An ORCHA score of 65 is also an initial score for all the DHIs being assessed in all assessment areas (UX, PCA, and DP). Meaning that the initial score at the beginning of the assessment is 65 for each assessment area and overall ORCHA score. Then, based on answers to assessment questions, this score is altered through value and risk points (value points increase the score and risk points reduce the score) and assigned to a DHI. This process changes the initial score of 65 for each assessment area and is then combined to give an overall ORCHA score. For example, for apps that store personal or sensitive information, value points are assigned to such an app if they make their privacy policy immediately available when the user first uses the DHI. And risk points are assigned if a privacy policy is not clearly available when using the DHI. The amount of value and risk points assigned per question vary based on the NICE ESF tier that has been assigned to a DHI. If no value or risk points were assigned during the assessment, then the ORCHA score remains 65 [20]. Furthermore, to receive full points for appropriate evidence for its ESF tier, a tier B DHI (depending on its exact functionality) may only require a user benefits statement (eg, based on pilot results) and validation of the provided information by experts or references, while a tier C DHI will likely require a full-scale observational study or randomized controlled trial to meet the same evidence threshold. These differences in evidence requirements were introduced by the NICE ESF and adopted with slight amendments by the ORCHA assessment to ensure that standards are realistic and achievable for DHI companies without placing an undue burden on developers of low-risk DHIs, while at the same time setting expectations sufficiently high (especially for high-risk DHIs) to ensure safety and effectiveness and to provide users and health care providers with confidence in the DHIs. Some questions in the ORCHA assessment tool do not assign value or risk points but are there to provide information or context; for example, the question “When was the last Care Quality Commission [22] inspection completed?” does not assign value or risk points.

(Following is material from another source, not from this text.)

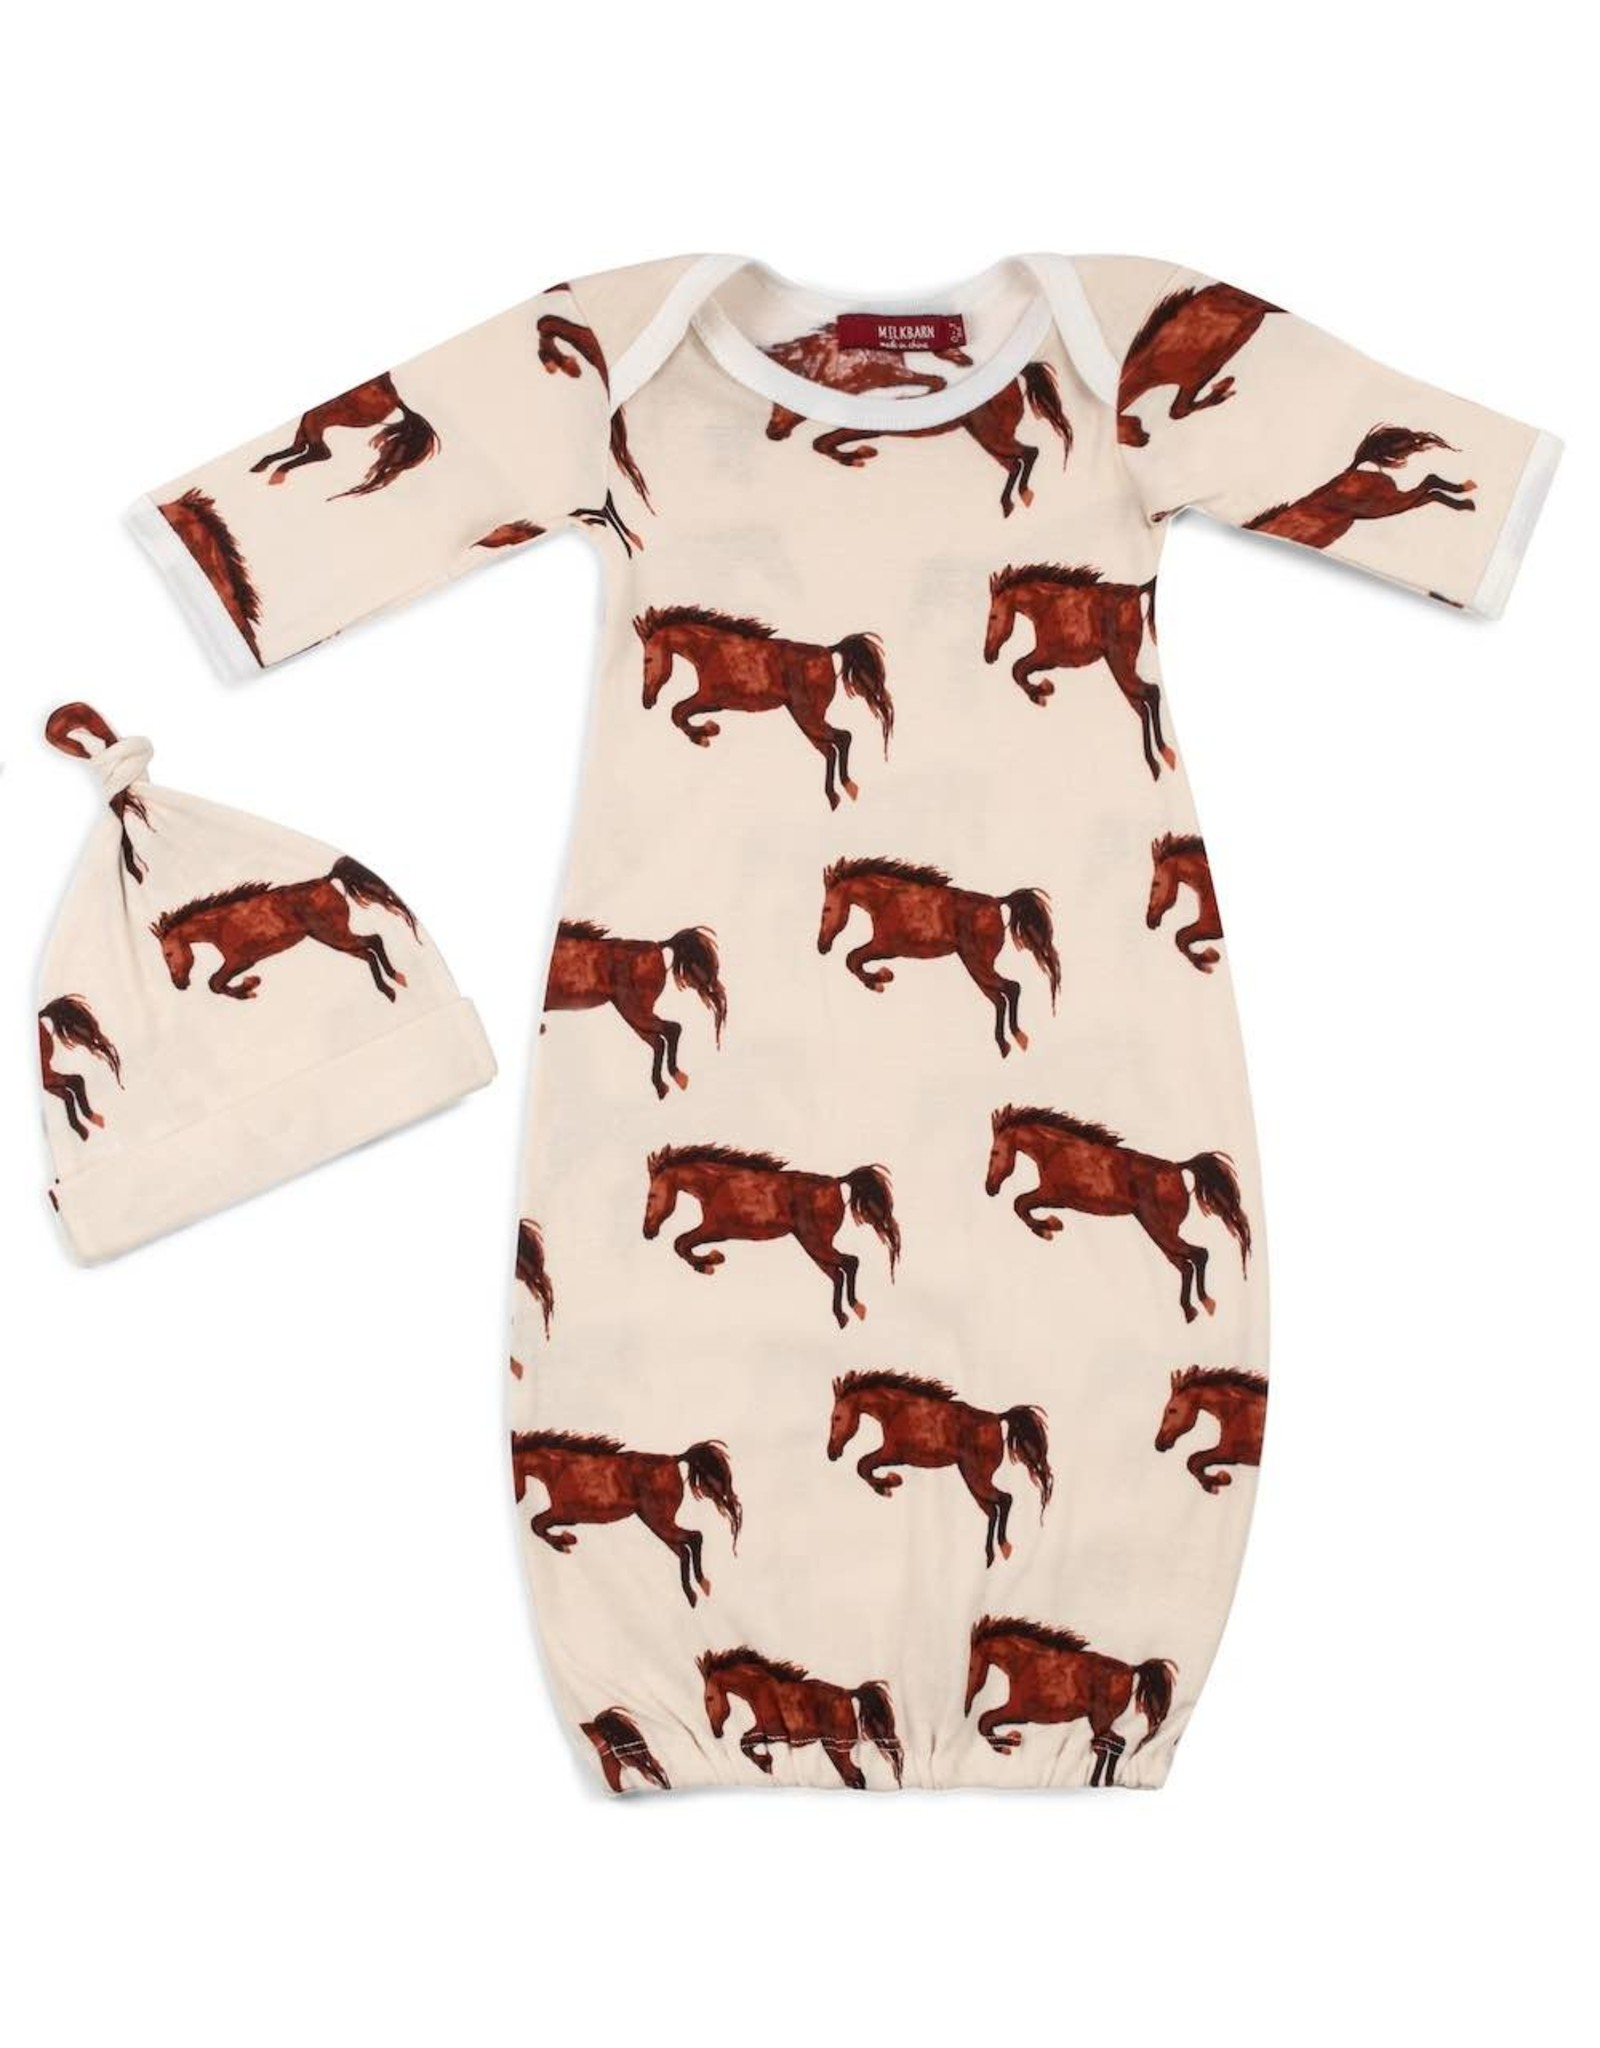 MilkBarn Bamboo Gown and Hat Set-Newborn
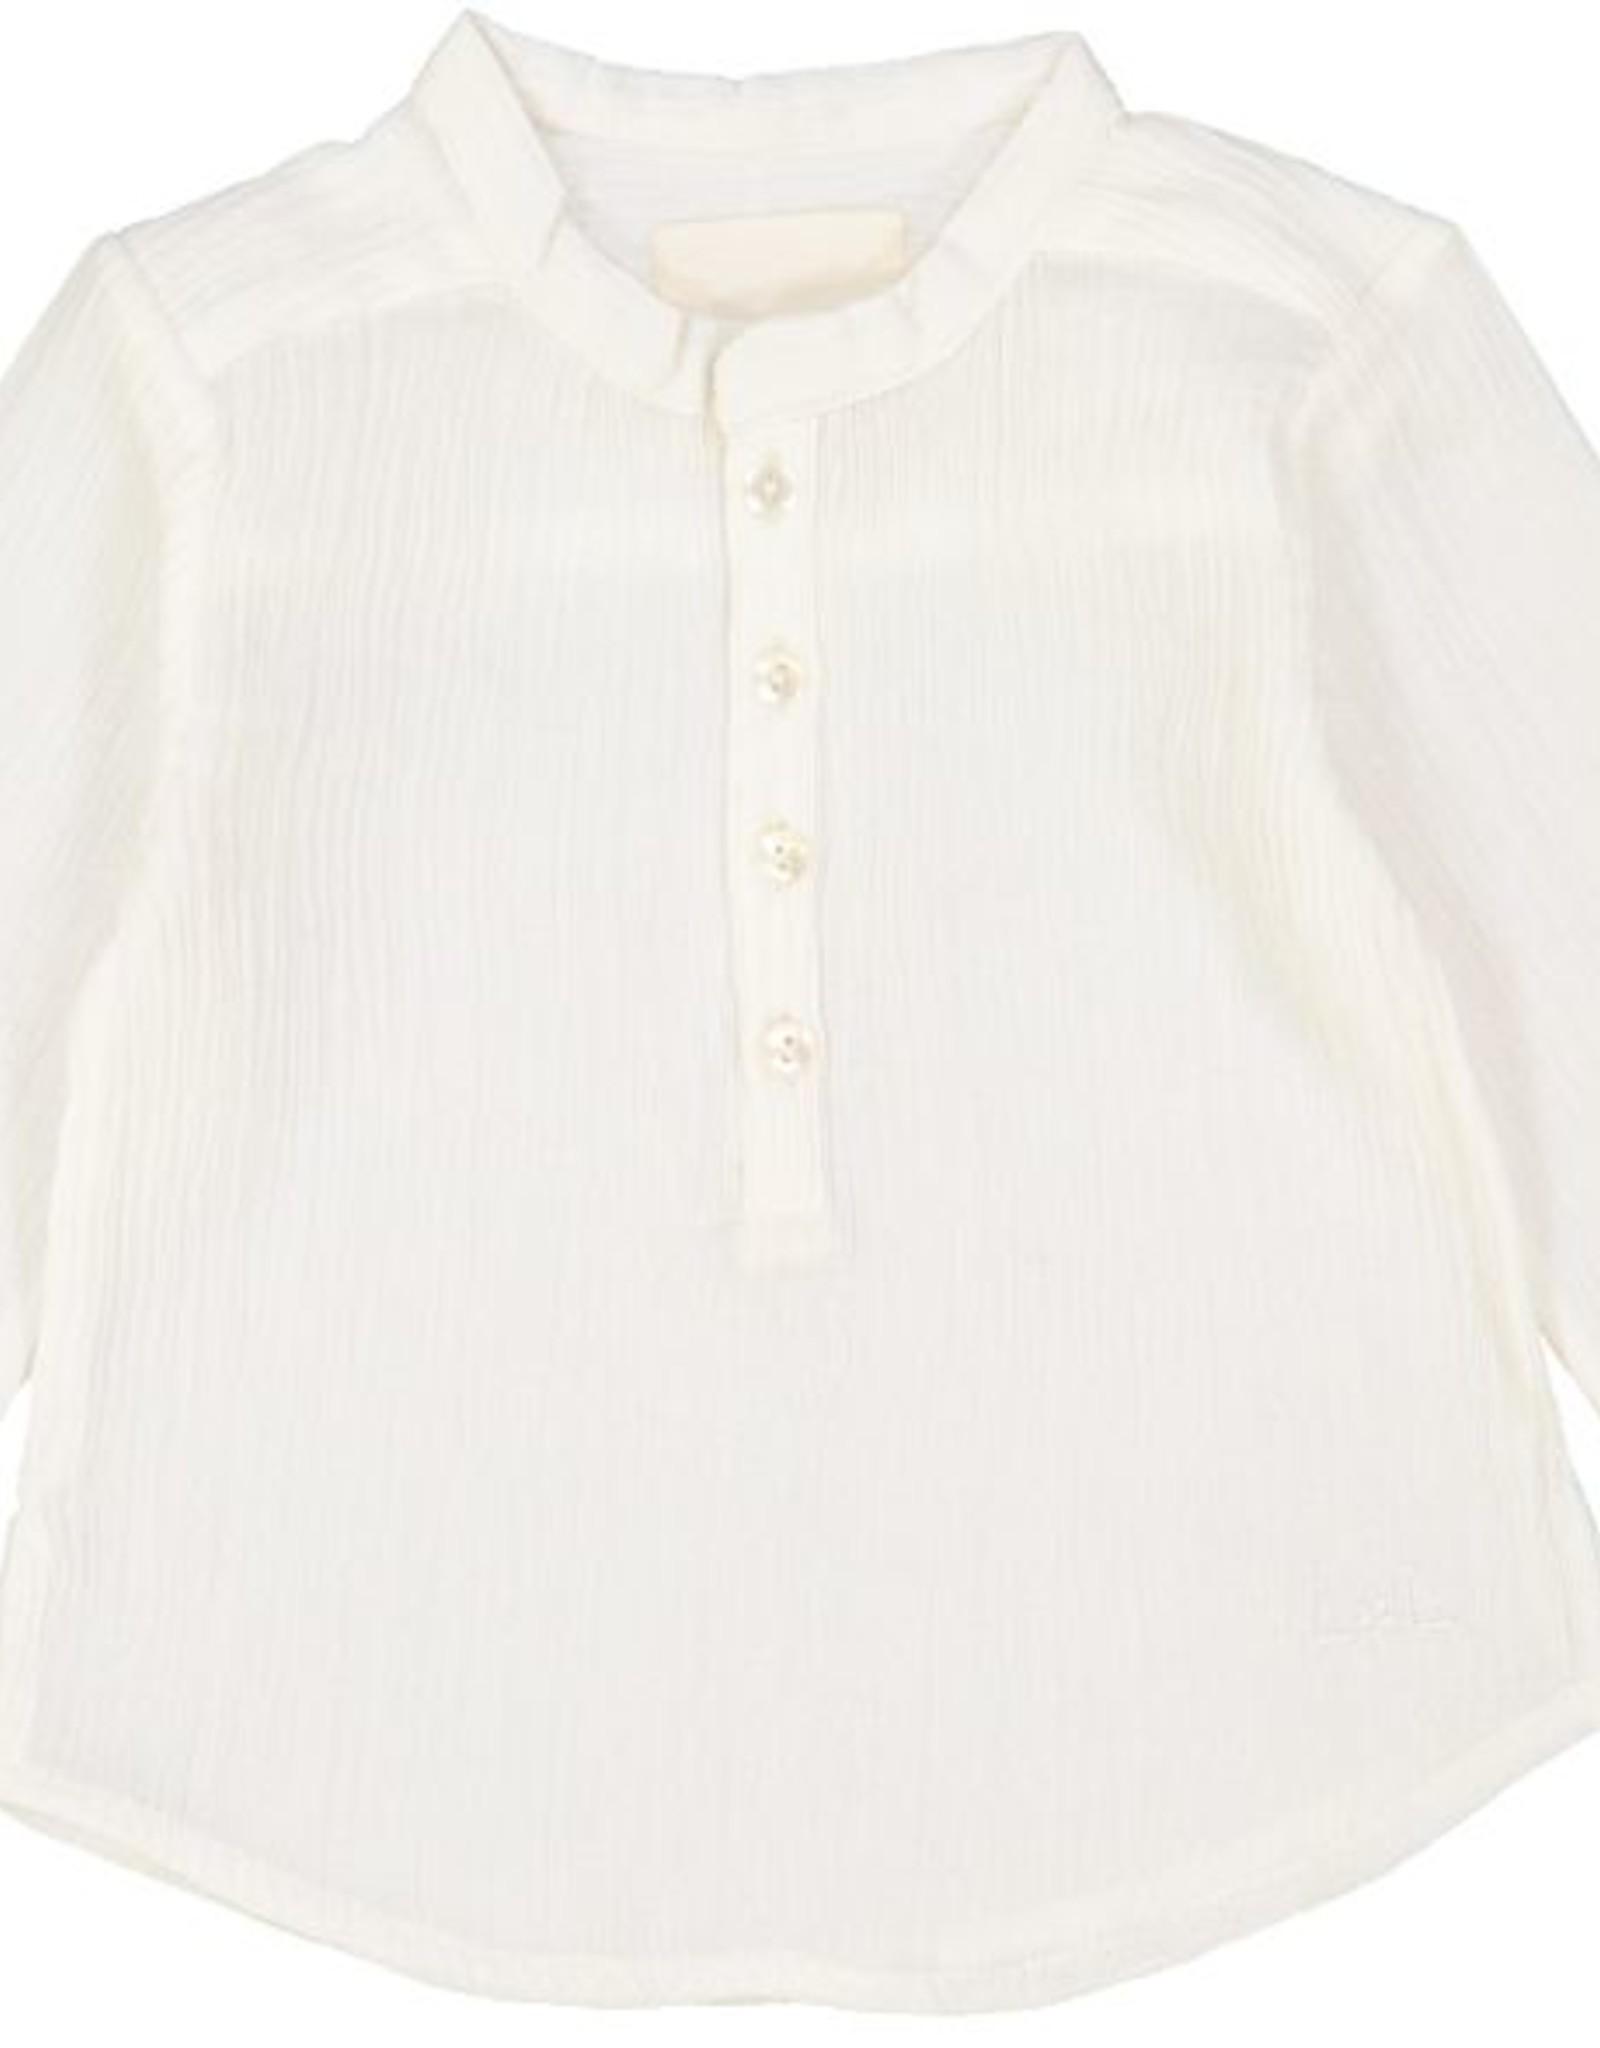 Louis Louise Grand père shirt

Each assessment of the 1574 apps has been carried out by at least 2 trained ORCHA reviewers as part of “business as usual” for ORCHA, where in the case of a dispute, a third ORCHA reviewer would resolve it during a discussion. All ORCHA reviewers have undergone the same training to use the OBR version 6 assessment tool.

It takes around 6 months for an ORCHA reviewer to be trained on how to use the OBR and considered ready to carry out live reviews using the tool. The training involves teaching the new reviewer about each area (UX, PCA, and DP) of the OBR. Training is carried out either in person or through web-based meetings.

The data set used included DHI assessments that were published between January 18, 2021, and January 6, 2022. All DHIs were assigned to 26 different health care domains and to 1 of the 3 NICE tiers, established by the NICE ESF [21].

Statistical Analysis

We carried out secondary data analyses of an ORCHA data set, which comprised the assessment of 1574 DHIs. The data analysis was carried out using R Studio (The R Foundation) and the R programming language (R Core Team). Descriptive statistics, including the minimum score, first quantile, median, mean (SD), third quantile, maximum score, and SE of the mean, were calculated for each of the OBR scores (ORCHA, PCA, DP, and UX).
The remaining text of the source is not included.